For people with HCC that meets the Milan criteria the chances for success of a transplant are high: 70-80 percent will live more than five years, and the chance of cancer coming back is only around 10 percent. The Milan criteria are very good at picking out a group of people who will do well, but they’re not nearly as good at telling who will do poorly: We at Mount Sinai showed that in a group of 43 people who got transplants even though their HCC was bigger than 5 cm, 44 percent lived more than five years. For many cancer operations that would be a great result; the trouble with transplants is that donor livers are scarce, and it would be a poor use of that scarce resource to use a liver for someone with a 44 percent chance of success when using it in another patient can give 75 percent.

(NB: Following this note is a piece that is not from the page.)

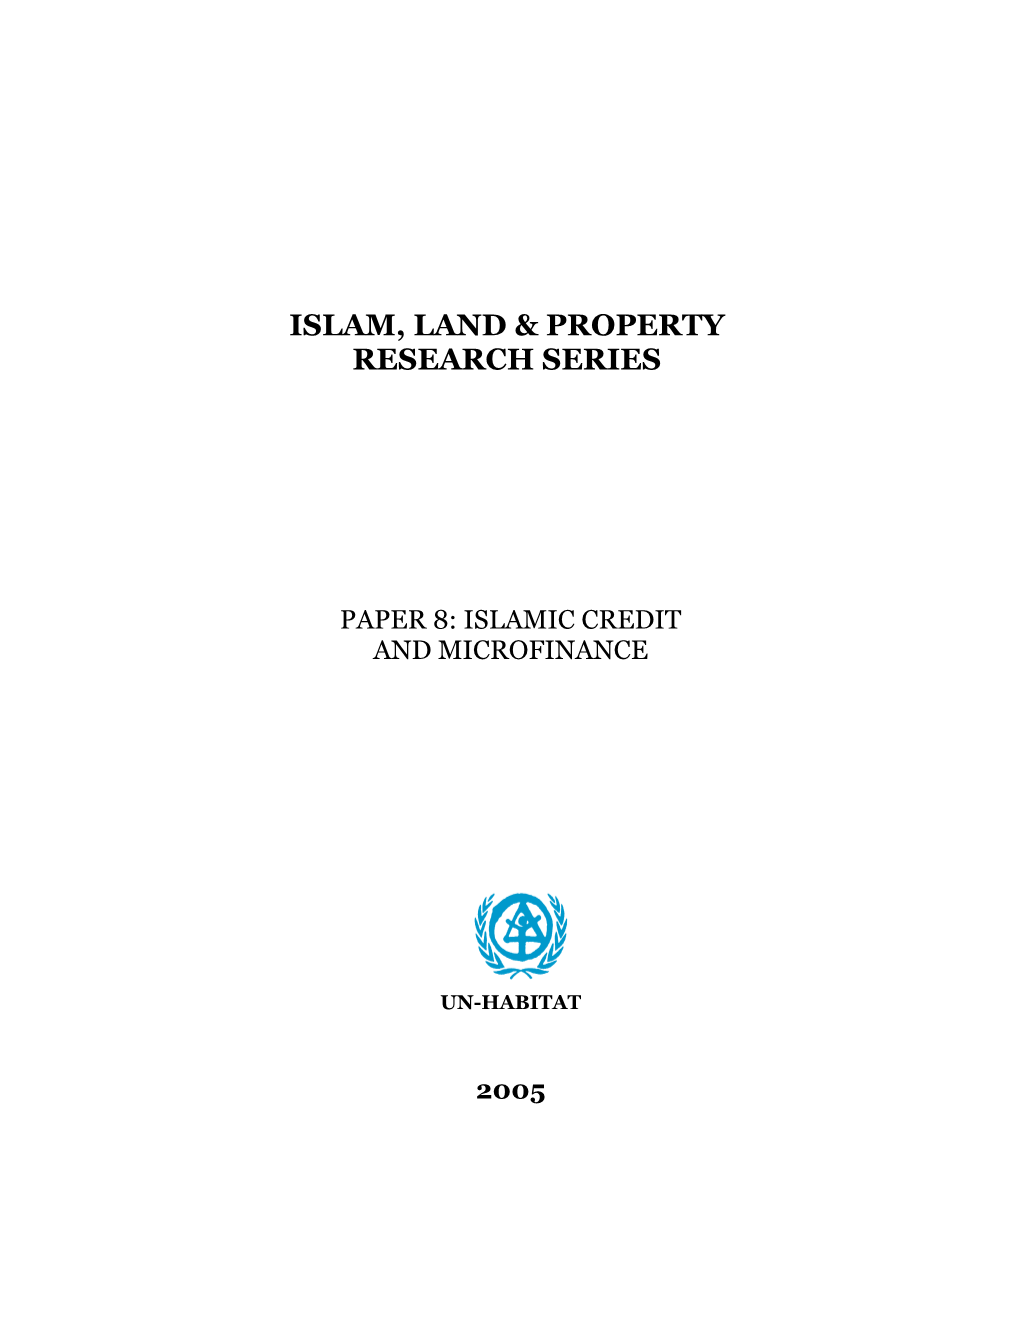 Islam, Land & Property

Why should the size and number of tumors matter? After all, the entire liver is removed when we do a transplant. The reason is because as tumors grow in size and number they develop the ability to invade blood vessels and spread outside of the liver. There is nothing magic about the Milan criteria; it’s just that you have to draw the line somewhere. Everyone knows that there are many people with HCC beyond the Milan criteria who could be cured with a transplant; the question is, how to identify them? Not every HCC behaves the same way; some grow to a large size without invading blood vessels and spreading, while others invade and spread when they are small. We at Mount Sinai are leading the worldwide research effort to find molecular tests that can tell which HCC’s are bound to come back after transplant and which, despite being beyond the Milan criteria, will not, but these tests aren’t yet ready for use in people. The way we have now to try to sort out the “good” vs. the “bad” HCC’s is by what we call down-staging.

Down-staging means treating HCC that is beyond the Milan criteria using the various nonsurgical treatments in order to reduce the size and/or number of tumors down to within the Milan criteria. If you think about it, down-staging alone doesn’t make sense—if cancer has grown to where it has begun to spread outside the liver, what good does it do to shrink the tumor in the liver? The answer is the other key part of down-staging: the pssage of time. The idea is that we treat the HCC in the liver, hopefully to stop it from progressing and spreading, and then wait and watch for a while to give any tumor cells that had escaped before the treatment time to grow into tumors that we can see. We believe based on what we know about how HCC grows that six months is a reasonable length of time to wait after down-staging. Not everyone who goes through down-staging with hopes for a transplant makes it, bur for the ones who do the results are as good as for people who start out with HCC within the Milan criteria.

Living Donor Liver Transplantation

Because of the great ability of the liver to regenerate, we are able to take part of the liver from a healthy person and use it to perform a transplant; both the part that we transplant and the part that remains in the donor grow to full size within a month or so. A living donor has to be healthy, under age 55 or so, be close to the same size as or larger than the recipient (but not very over-weight), have a compatible blood type, and have a strong relationship with the recipient. For people with HCC within Milan criteria a living donor transplant can eliminate the transplant waiting list, and for people with HCC beyond the Milan criteria a living donor is usually the only way that a transplant can be done.